Believing is seeing

(For the audio version of this blog, please visit: http://brothersinchristcmf.org/wp-content/uploads/2022/04/Mass-Blog-for-the-2nd-Sunday-of-Easter-2022.mp3)

For the original disciples, the distinctions between Jesus and “The Christ” were as stark as the differences between the priesthood and prophecy for many modern Christians. This Sunday we contemplate the mental transition the apostles had to make, from knowing Jesus to BEING Jesus for others. The readings for this Mass show us the contrast between John and Thomas in making that transition (assuming the John of the Book of Revelation is the same John of the Gospel bearing that name).

In the case of John—the author of the Book of Revelation—during his mission on the Greek island of Patmos, his risen Master not only appears to him, but inspires prophetic visions with these instructions (Rev 1:9-11a, 12-13, 17-19):

“Once I was dead, but now I am alive forever and ever. I hold the keys to death and the netherworld. Write down, therefore, what you have seen, and what is happening, and what will happen afterwards.”

In contrast, John’s gospel (Jn 20:19-31) shows us a Thomas who is still reeling from the horrific nature and effects of his Master’s death. He believes he must now carry on without Jesus. Then the Master suddenly appears, but instead of giving Thomas and his colleagues the hazy spiritual symbolism John took and ran with as divine revelation, Jesus knew “Doubting Thomas” needed the comfort only his bodily senses could reveal (“Unless I see the mark of the nails in his hands and put my finger into the nailmarks and put my hand into his side, I will not believe.”).

Only then, Thomas must have thought, would I be able to share my Master’s revelations with others. But the gentle rebuke his resurrected Master gave Thomas has become as important a piece of revelation to help guide future Doubting Thomas’s like us along life’s path.

“Have you come to believe because you have seen me? Blessed are those who have not seen and have believed.”

You and I are called to be among those blessed faith-filled believers. We make up a church built both on priestly sacraments to help us see the unseeable and on prophetic revelations to help us know the unknowable. But according to Richard Rohr, OFM, an American Franciscan priest and writer on spirituality,  the faith of some believers relies a bit too much on what their priests reveal to them and not nearly enough on the kind of prophecy Jesus reveals to us through regular prayer. “The result has often been religion for religion’s sake,” he writes. “How can we envision a new world when we have never fallen away from the old?”

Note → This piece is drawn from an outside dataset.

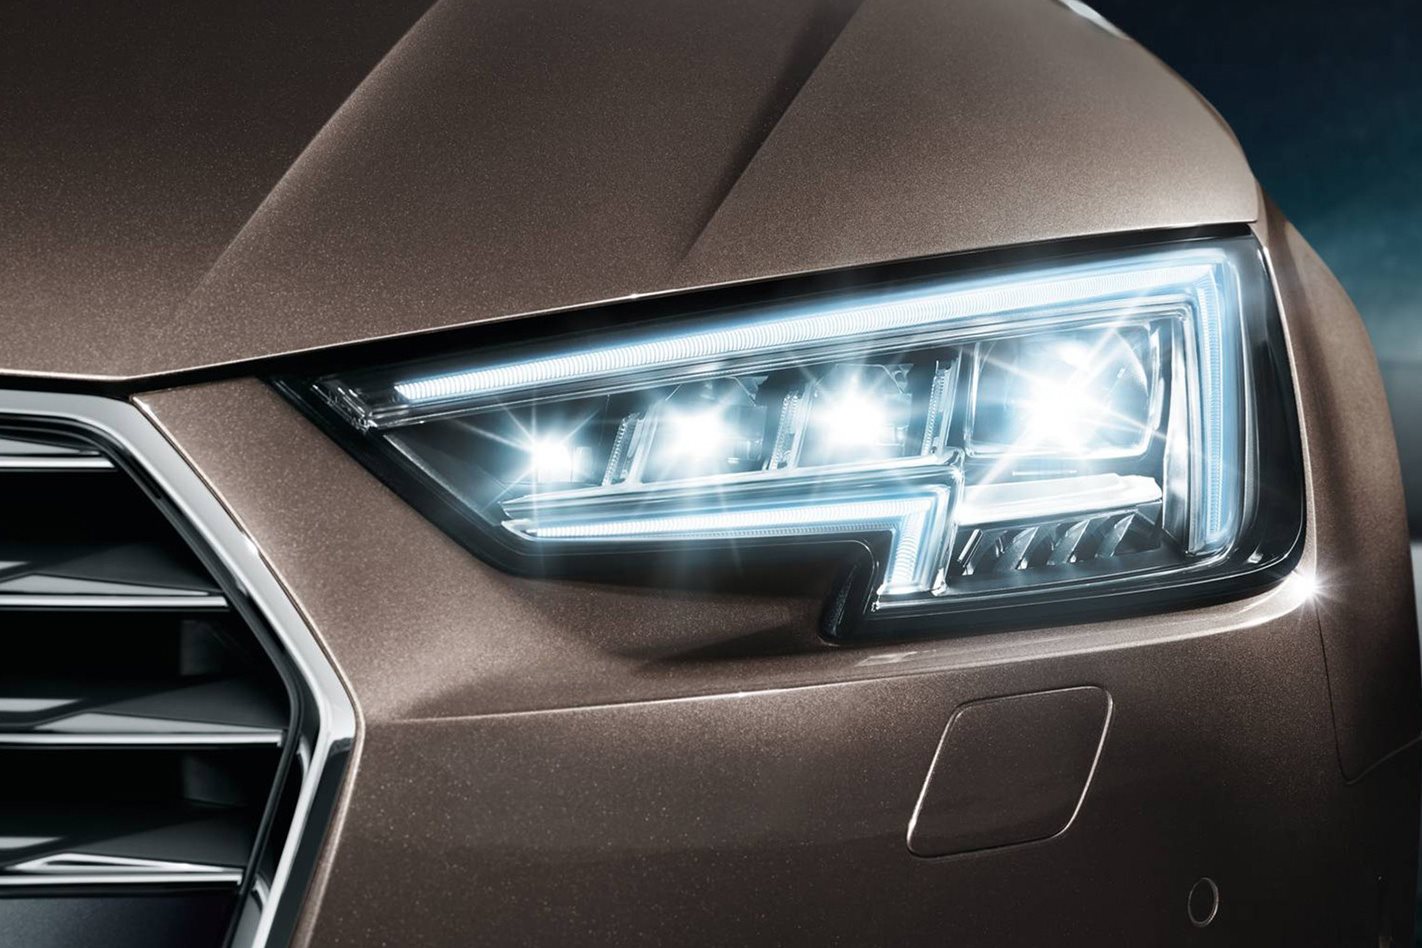 New Headlights Tips And Tricks To Enhance Your Car Like A Brand New Model
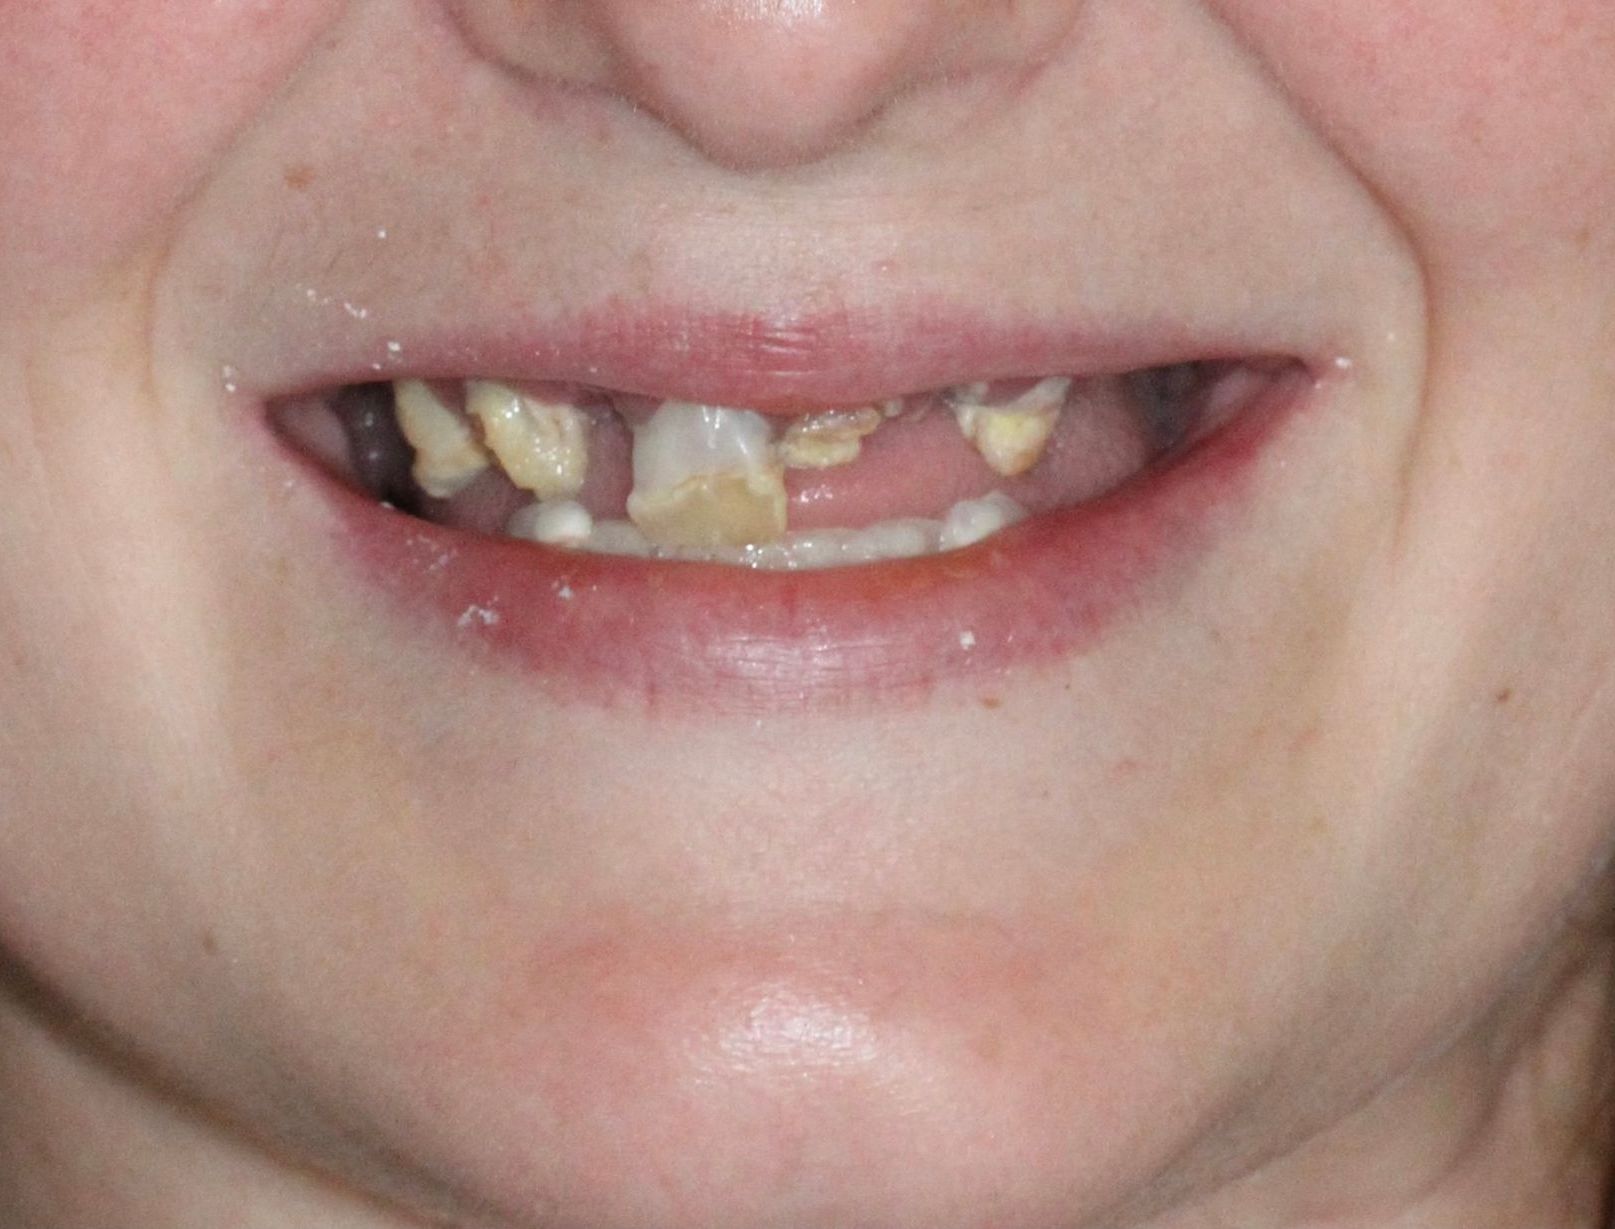 A close up of a woman 's mouth with missing teeth.

The old world is one in which our church’s teachings about the divine nature of human life as revealed in the Blessed Sacrament had to simply co-exist  uncomfortably with the world’s sacrament of reproductive “Choice.” Our world’s Doubting Thomases—whose beliefs in life’s divinity depend solely on the lives they can see outside the womb’s universe—need to hear the prophecy of believers who know that even non-visible lives are one with the indivisible Holy Trinity of Jesus’s existence: The Way, The Truth AND The Life.

The old world’s history is filled with stories of earthly kings turning God’s prophets into martyrs. A new world is struggling to be born. Its prophets believe in God’s presence within us without seeing it, and they are devoting themselves to helping others envision the sanctity of human existence. Their prophecy is a perpetual prayer, as sacramental in its symbolism as it is practical in the physical strength the Master’s eternal words inspire: “Heaven and earth will pass away, but My words will never pass away.”